Non, tous les humains ne sont pas identiques. Ils se diffèrent par leur nation dont chacune d’entre elles a ses spécificités : culture, religion, mode de vie, et sa façon de voir le monde qui lui est propre. En faisant partie d’un pays, l’homme adopte son histoire et ses mythes, admire ses héros et se forge un caractère.

De plus, nous remarquons qu’au sein même d’un pays subsistent des différences entre les régions et les villes. Effectivement, nous constatons bien des rivalités historiques entre la Bretagne et la Normandie, ou encore des divergences flagrantes entre les Parisiens et les Marseillais notamment à travers leur opposition dans le sport avec l’OM et le PSG. Pourquoi cela serait-il valable pour les régions et villes et non pour les pays ?
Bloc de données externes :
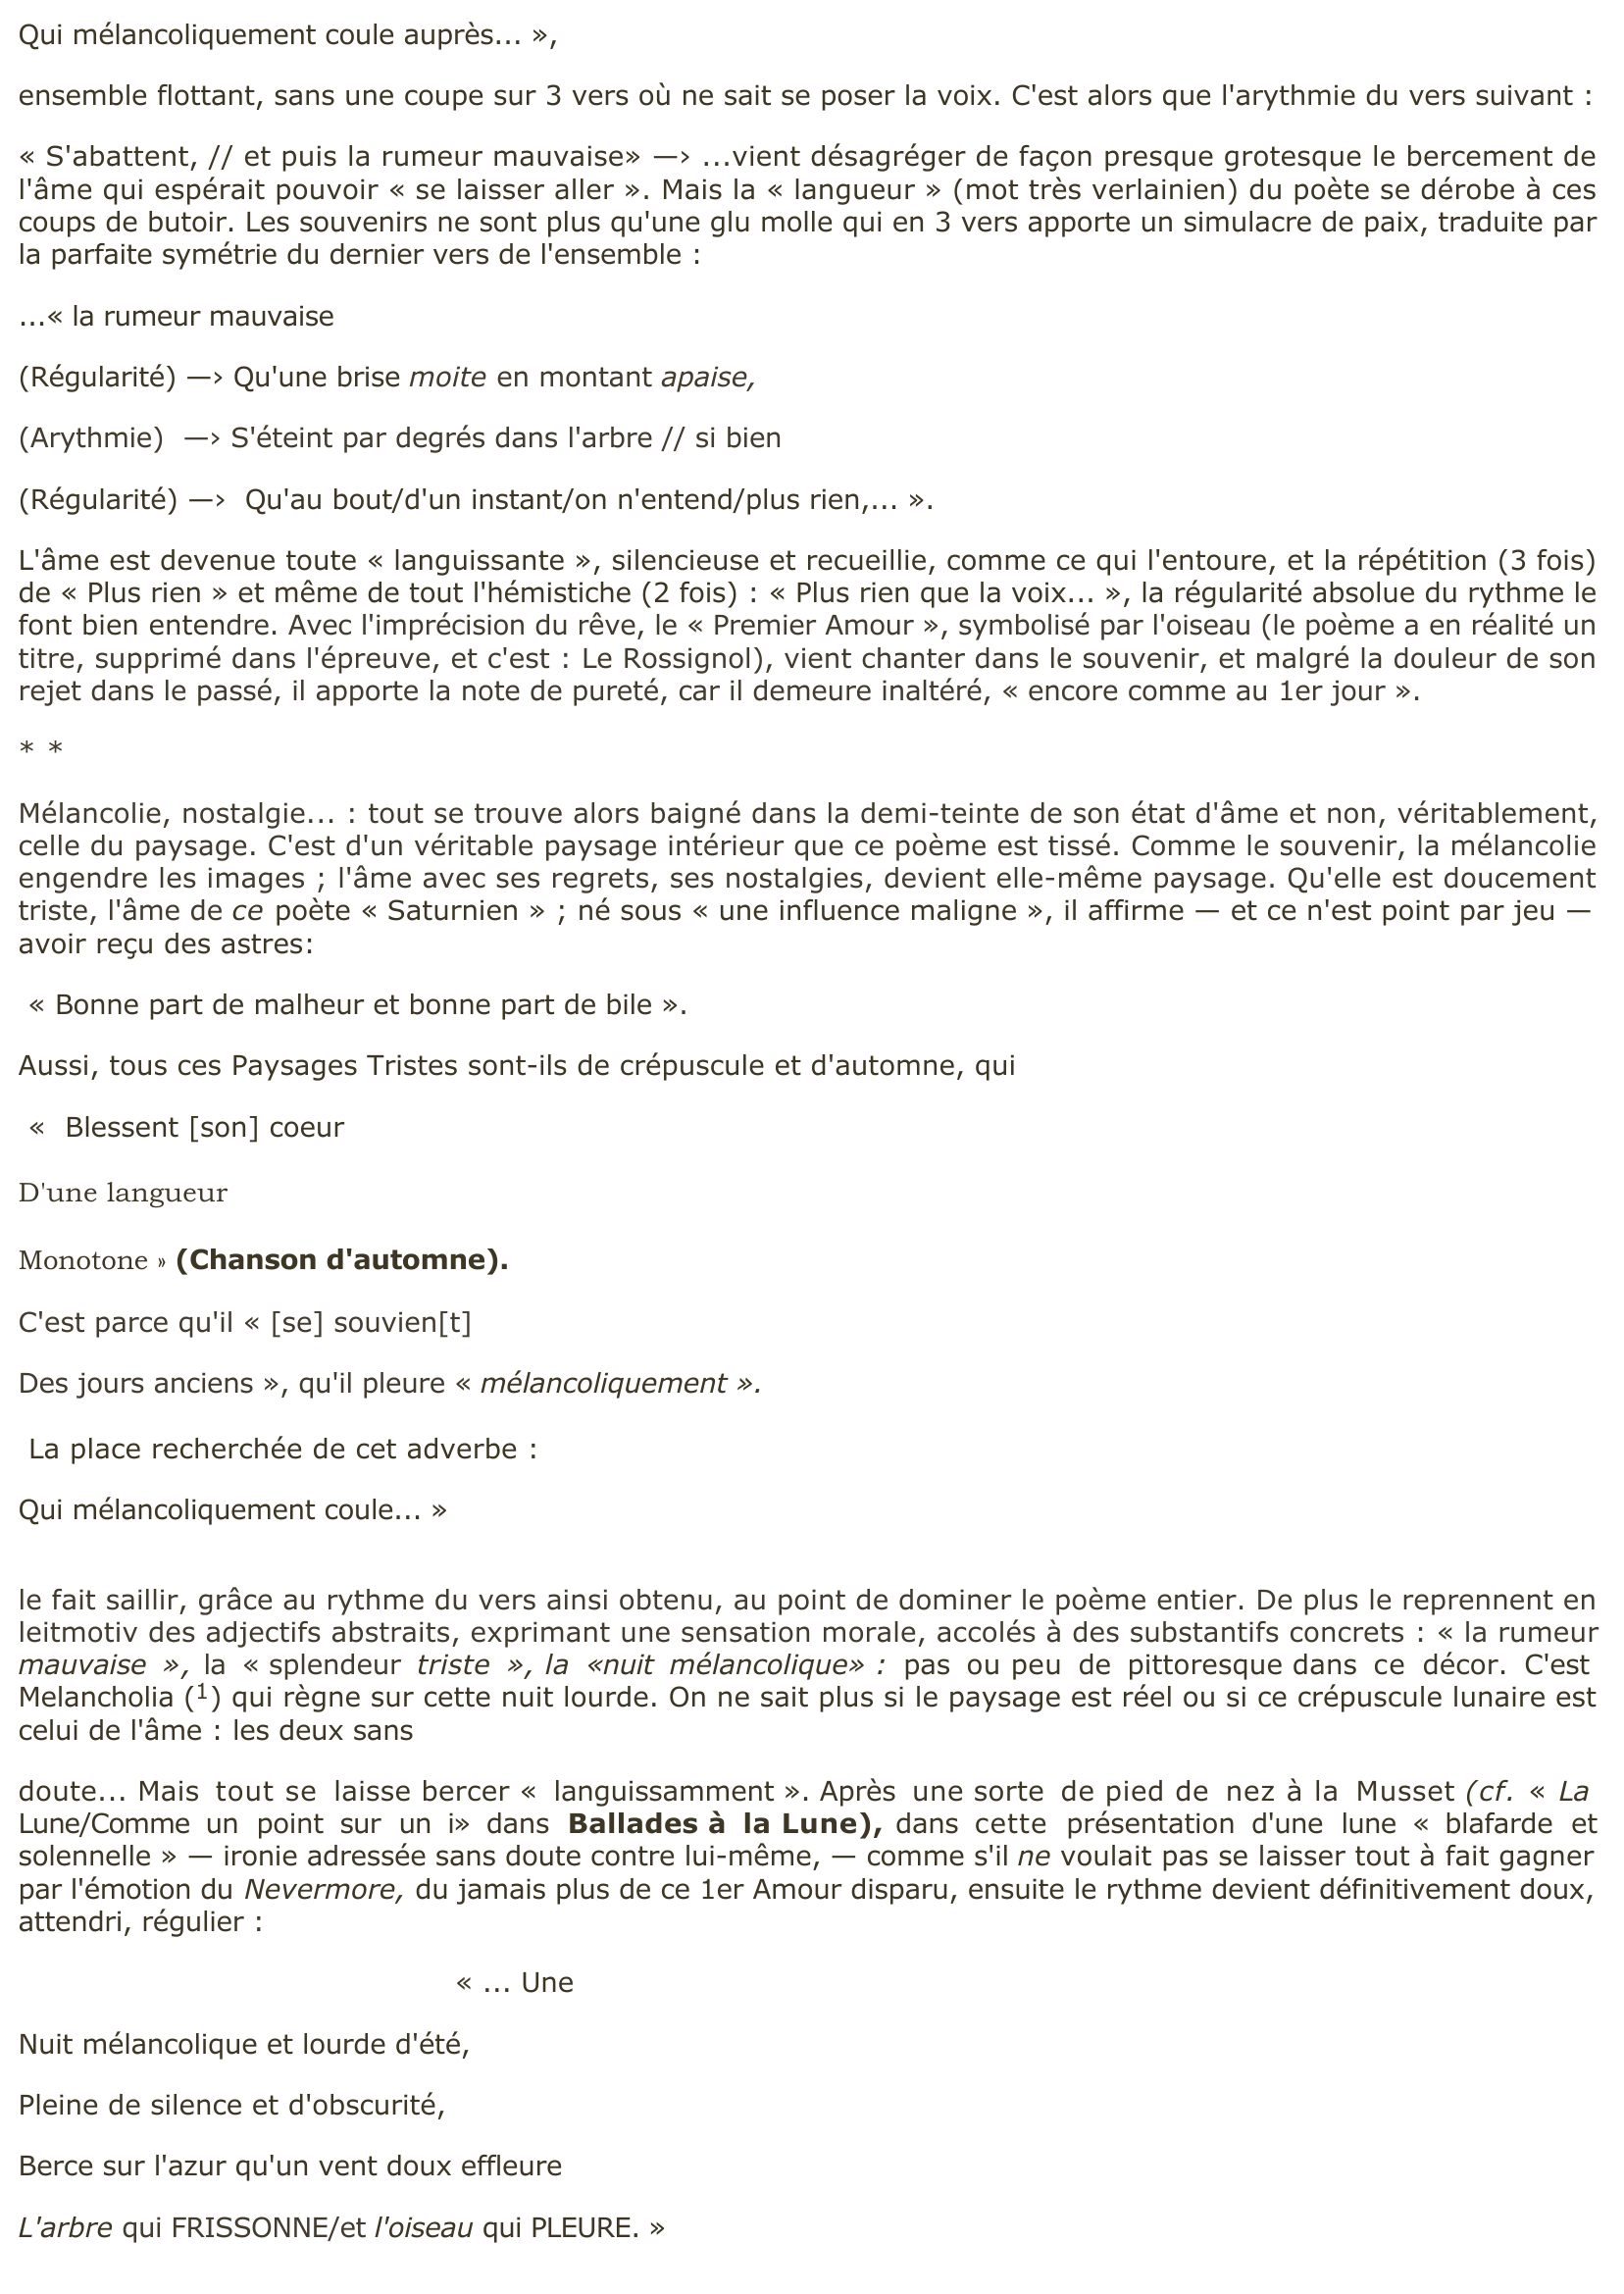 Prévisualisation du document " Rossignol" de Verlaine, Poèmes Saturniens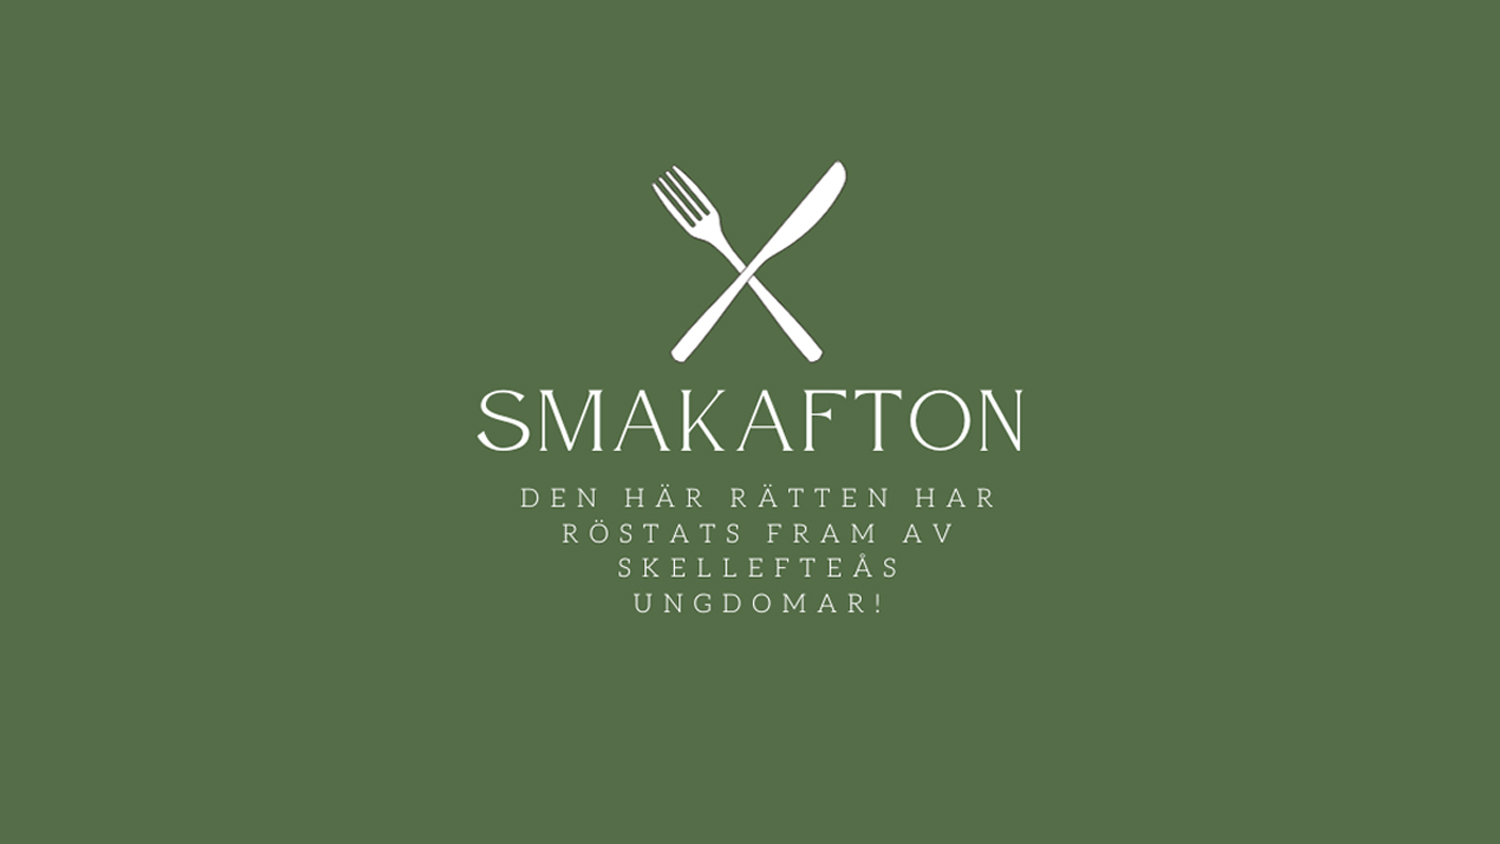 Grön bakgrund, illustration av bestick samt texten: Smakafton. Den här rätten har röstats fram av Skellefteås ungdomar!

Délinquance et immigration

Le problème n’est pas l’origine d’un voyou car la délinquance n’a pas de passeport. En effet, même des Français de souche peuvent être des criminels et constituer un danger pour la société. Dans toute société et en tous temps, il y a des brigands qui enfreignent la loi. Le rôle de la politique est justement de prévoir ce qui est dangereux pour les citoyens et de les protéger au nom du bien commun. Elle doit établir les moyens nécessaires pour les empêcher de commettre des crimes et protéger le reste des citoyens contre ces menaces.

Mais la délinquance d’un étranger est différente. Contrairement à ce qui est énoncé précédemment, le crime d’un immigré est évitable : si la délinquance n’a pas de passeport, on peut néanmoins éviter qu’elle ne vienne chez nous en la contrôlant.

Thomas d’Aquin et l’immigration ( approche philosophique)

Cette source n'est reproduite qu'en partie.